Models: research(xAI Grok) / author(OpenAI ChatGPT) / illustrator(OpenAI ImageGen)

If you think "we have automated backups" means "we can't lose the database," you are one Terraform command away from learning otherwise. I know because I watched a production RDS instance disappear, along with the snapshots I assumed would save me, after I let an AI coding agent clean up what looked like harmless duplicate infrastructure. The bill came later: I upgraded to AWS Business Support for a faster response, and my AWS costs jumped by about 10 percent.

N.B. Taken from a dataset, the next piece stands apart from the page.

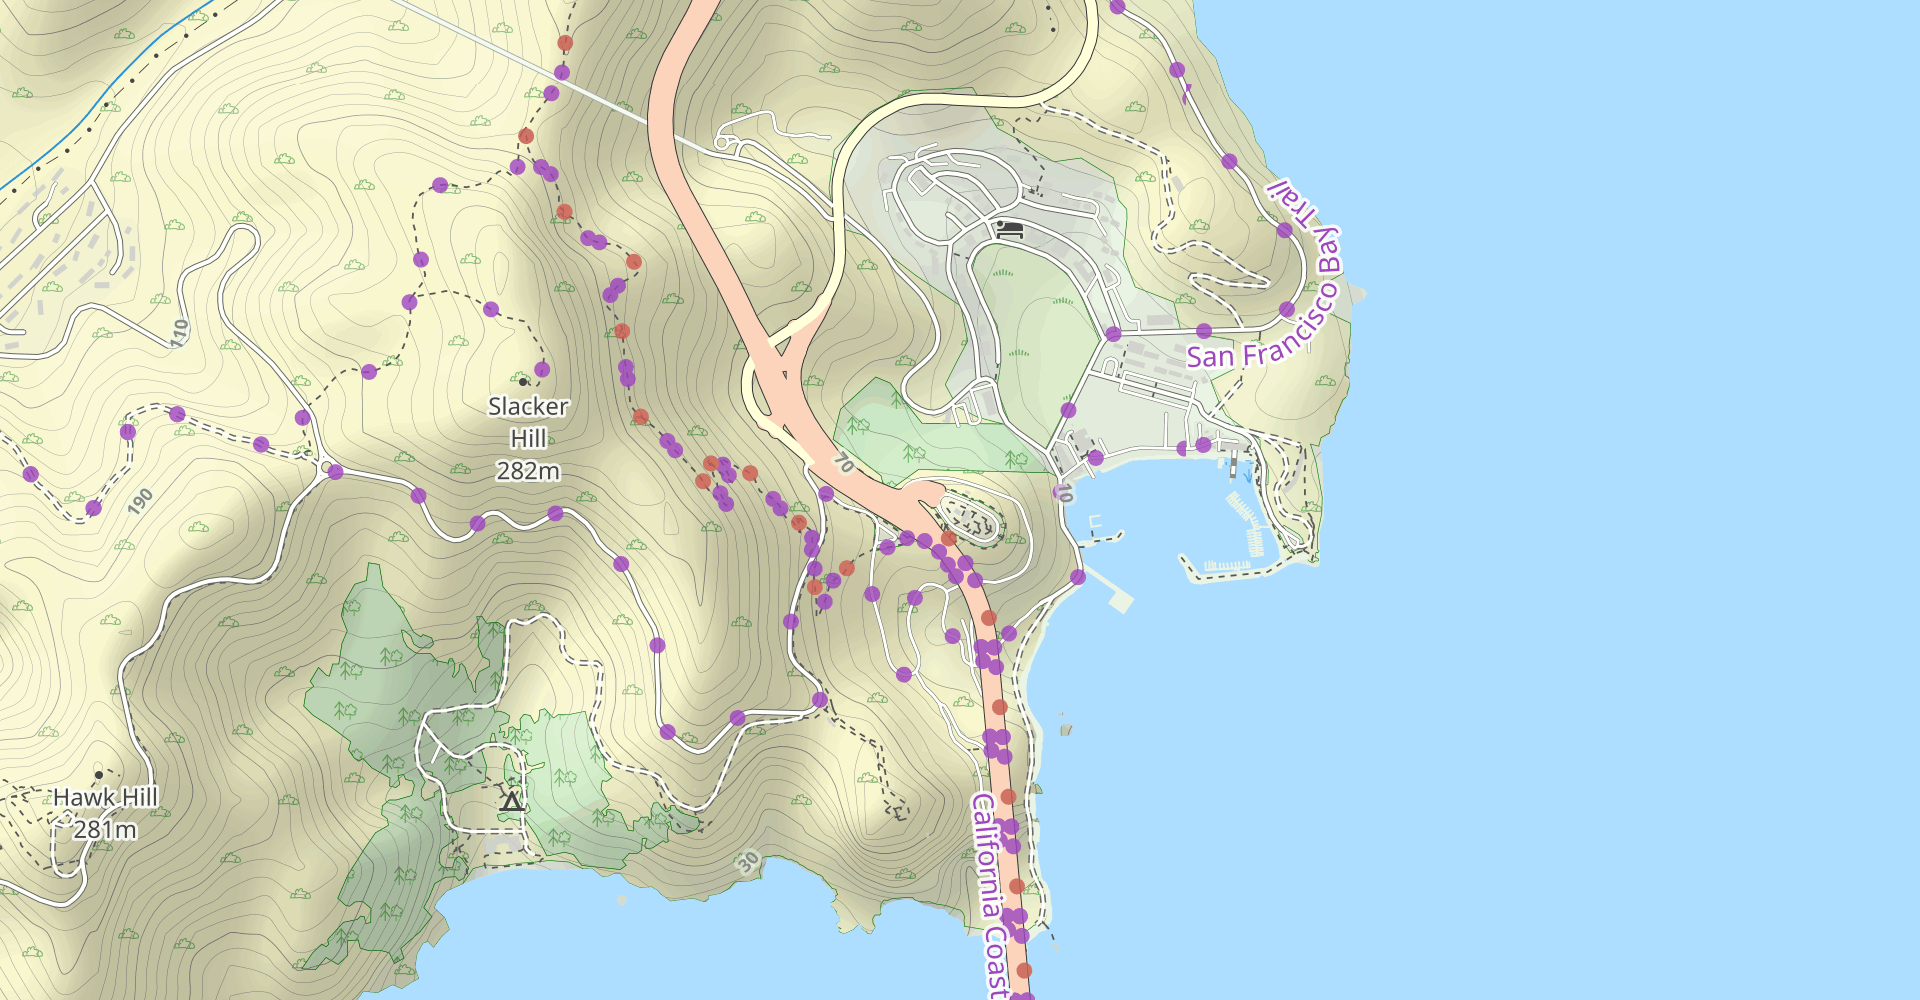 Slacker Hill and Hawk Hill via Coastal Trail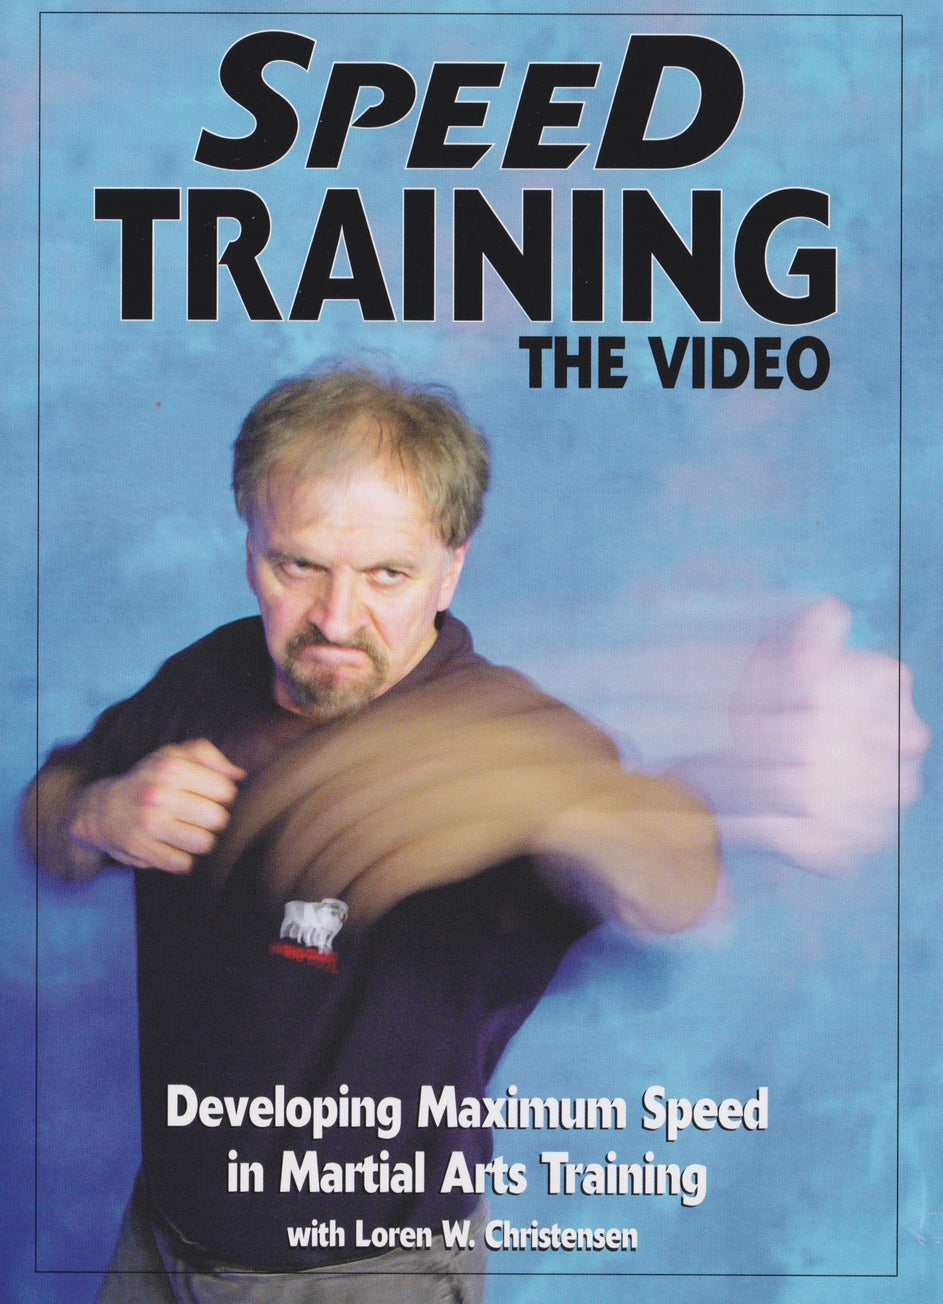 スピード トレーニング: マーシャル アーツ トレーニングで最大速度を高める DVD ローレン クリステンソン (中古)

This is the story of how a sensible migration plan turned into a full production outage, why the failure mode was so easy to trigger, and what I changed so it cannot happen again. If you run Terraform, if you use agentic tools, or if you have ever typed -auto-approve in a moment of confidence, you will recognize the trap.

The plan was reasonable. The execution was not.

I was expanding the AI Shipping Labs website and wanted to move it from static GitHub Pages to AWS. The longer-term goal was to replace the original Next.js setup with a Django version. The migration path was deliberately gradual.

First, move the static site to S3. Then move DNS to AWS so the domain is managed in one place. Then deploy Django on a subdomain. Finally, once everything works, switch the main domain to Django. It is a common pattern because it reduces risk and makes rollbacks simple.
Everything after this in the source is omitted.